Vantage Performance gives us the result of the day – the overclocked Gainward GTX 470 Golden Sample manages to beat the GTX 480. In this test, overclocking boosted the GTX 470 GS results by 25.3%.


Power Consumption

In idle mode, Gainward’s GTX 470 Golden Sample card consumes about the same as the reference GTX 470.

Our entire rig with the GTX 470 GS card cozily sitting inside, consumed maximum 433W in 3D. Additional overclocking pushed the consumption to 524W. 3D consumption is expectedly higher compared to the reference card (395W), since the Golden Sample card is overclocked.

Unfortunately for the green team, Radeon HD 5850 is much better in this respect as our test rig consumed 308W with 5850 inside. Idle operation again sees the HD 5850 take the cake as our test rig drew about 146W. The same scenario with the GTX 470 resulted in 149W whereas the GTX 470 Golden Sample drew 152W.


Gainward GTX 470 Golden Sample is the first nonreference GTX 470 we received and it did pretty well on our tests. The card comes preoverclocked to 650MHz for the GPU and 850MHz for the memory, which isn’t a radical change from the reference clocks (607MHz GPU, 837MHz memory), but it’s enough for the card to score up to 5% better than the reference card.

One of the points where Gainward’s Golden Sample takes the cake compared to the reference card is the cooling. Gainward’s GTX 470 GS comes with a more efficient cooling solution which is good enough to cool the GPU overclocked to 800MHz, which was our maximum overclock.

Superior cooling almost always spelss nice overclocking potential, but the cooling isn’t much quieter than the reference cooling in auto mode.

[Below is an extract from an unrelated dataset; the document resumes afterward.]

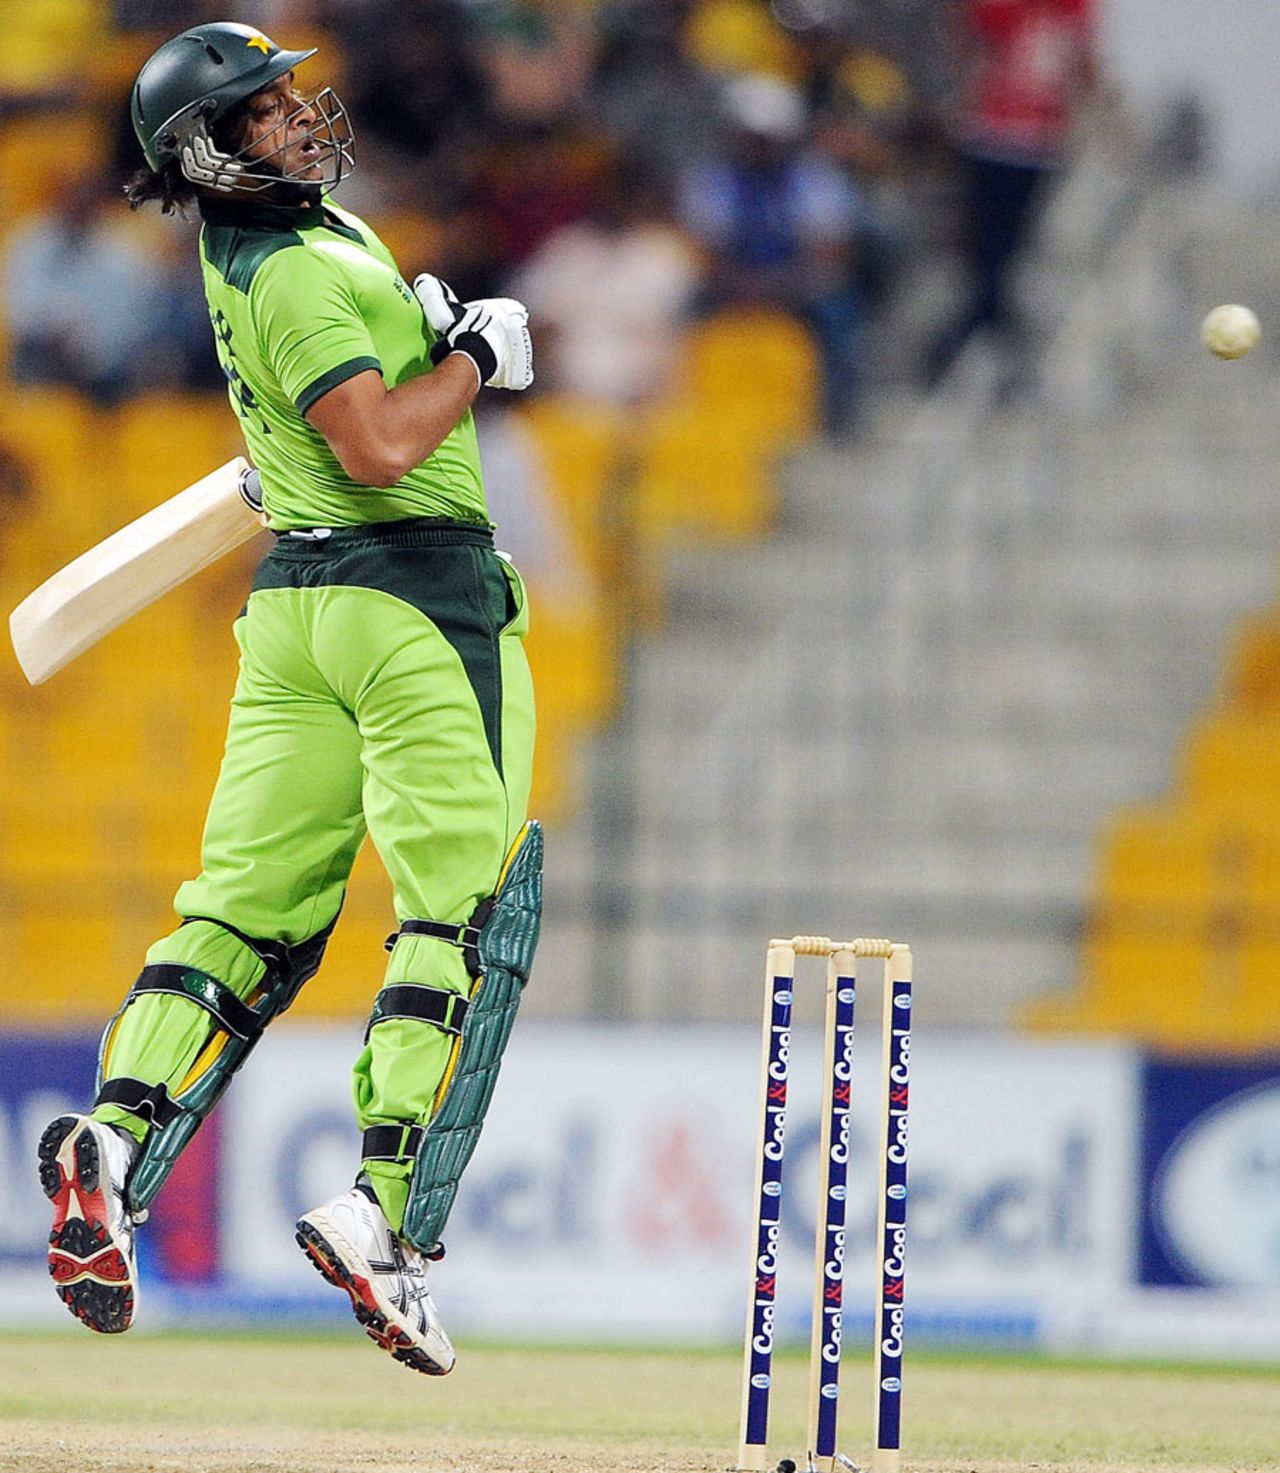 Shoaib Akhtar weaves out of the way of a pacy bouncer, Pakistan v South Africa, 1st ODI, Abu Dhabi, October 29, 2010

This, however, doesn’t mean that the noise is unbearable but rather that you’ll hear it when sitting next to the computer. Thankfully, the Gainward Golden Sample’s GPU ran about 6°C cooler, so you can always sacrifice some thermals to get some more silence.

Gainward GTX 470 Golden Sample’s pricing isn’t fixed yet, but we were told it should be priced some €15 to €20 more than reference GTX 470 cards.

So let’s recap – nice overclocking potential, superior cooling and a better set of video outs than on the reference card are the main things that make Gainward’s GTX 470 Golden Sample stand out of the crowd. If you’re looking to buy a GTX 470, you might want to wait for Gainward’s GTX 470 Golden Sample, and if the pricing is indeed €15 to €20 more, you won’t regret the wait.